In place was more precarious work, casualised labour, poorer paid jobs. But private sector was still seen as the best. There was an abundance of opportunity for private companies to get their hands on public services.

“Outsourcing became the mantra,” slammed Brenda. “Hand your services over to us we are more efficient.

“And so it began in local government, central government, NHS. Capita, Mitie, Virgin Care, ALEO’s, PFI’s, G4S, Carillion and on and on. Sub contractors who sub contracted and sub contracted. The shareholders and directors were king, greed before need.”

But Brenda warned that the people providing the service were caught up in a race to the bottom for pay and terms and conditions of employment. Poorer rights in pay, holiday entitlement, overtime rates, pensions, travel expenses, sick pay, job security, training, career progression and service users having to make do with poorer services as the shareholders needed their return.

She warned that although the rulers changed over time, the people were still being fed the same myths. Regardless of political persuasion, capitalism was the only way.

However, said Brenda, the people began to realise they were being woefully mislead. As their terms and conditions of employment were getting poorer, and the elite few were getting so much more.

Then the banking crisis hit and 90% of jobs lost were in local government and those workers still in service saw attacks on their terms and conditions.

“Those who were lucky had their trade union to collectively fight back, to educate and agitate and organise. Those services which had been outsourced in the private sector saw those workers having poorer terms and conditions in part due to non-unionised workplaces.

“The services they provide were not best value for money for the local authorities or the service users.

“Despite the cuts the public services which were provided in house continued to deliver albeit not at the level they had done so before the cuts in funding.”

Then a new ruler came along and claimed she was on the side of working people, strong and stable.

“Yet the people by now were no longer fooled – they saw her as weak and feeble. She did little to stem private sector corporate greed, public money continued to move into private hands,” slammed Brenda.

“Then the final straw. Carillion who had 420 public sector contracts went under, responsible for maintenance of 50 prisons and 50,000 homes for military personnel, 218 school meal services, £1.4 billion joint venture contract HS2.

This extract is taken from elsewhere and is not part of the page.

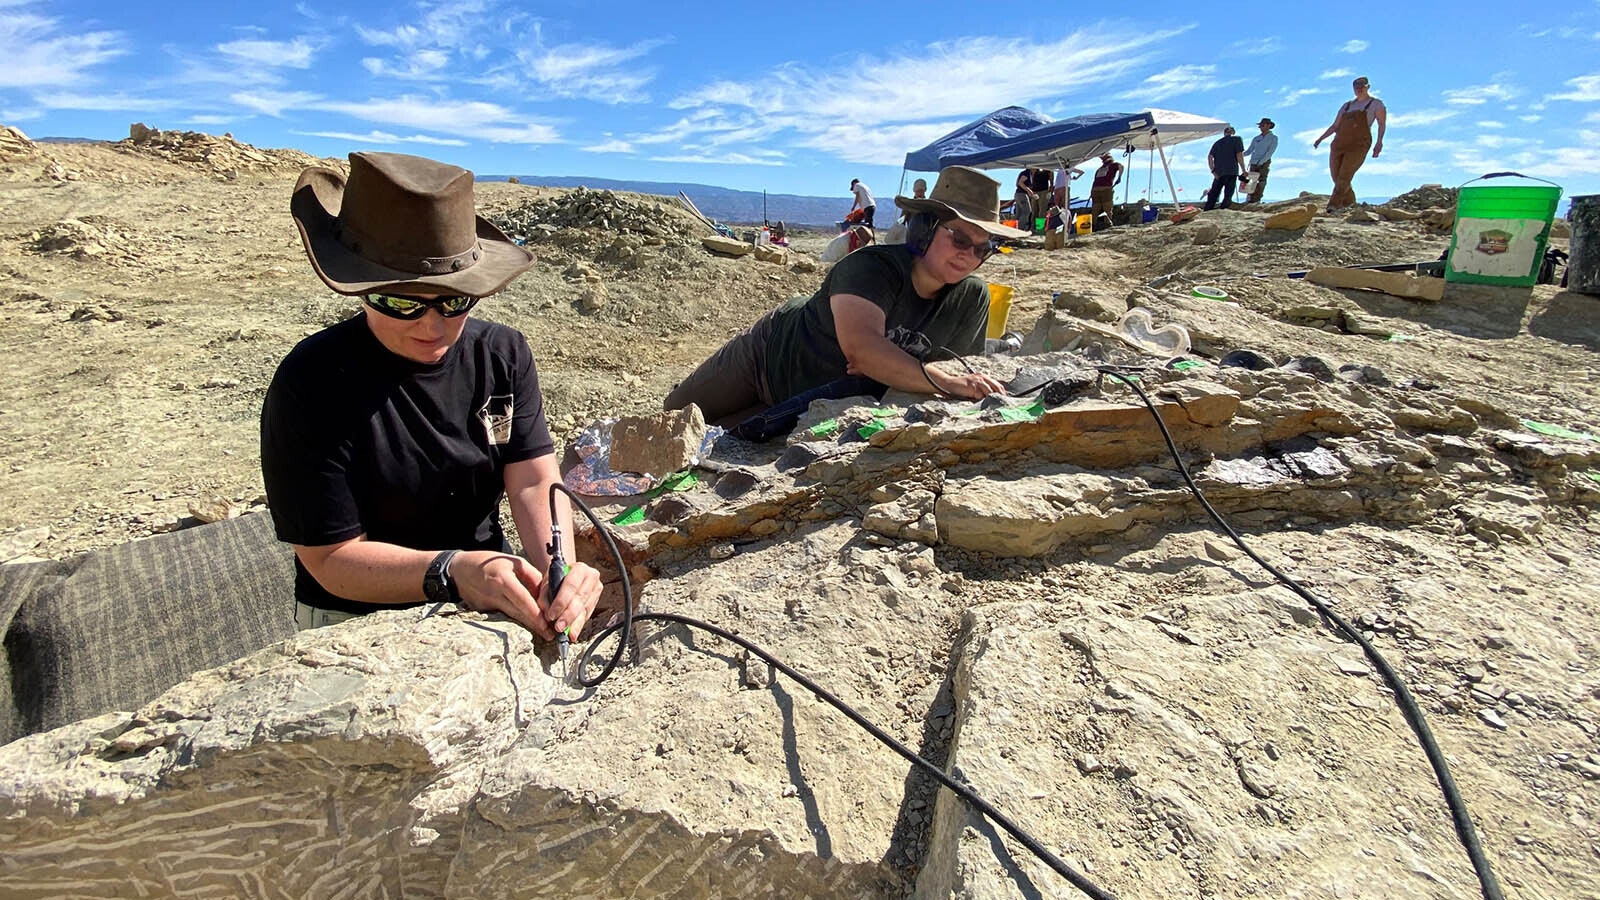 A team from The Children's Museum of Indianapolis work an excavation in Wyoming's famous Jurassic Mile to unearth a rare skeleton of an Allosaurus.

“The game of monopoly with our public services MUST end said the people. Bring Them Back to us, they cried, where need is put before greed for the benefit of service users and those who deliver the services.

“The people knew that there was such a thing as society, a good society that pulls together for the benefit of all not just the lucky few.”

Brenda called for a new campaign and for UNISON to commission an academic study around outsourcing in all its forms, working with APSE across local government to bring services back in house.

“In that way we can, as all good stories end, all live happily ever after.”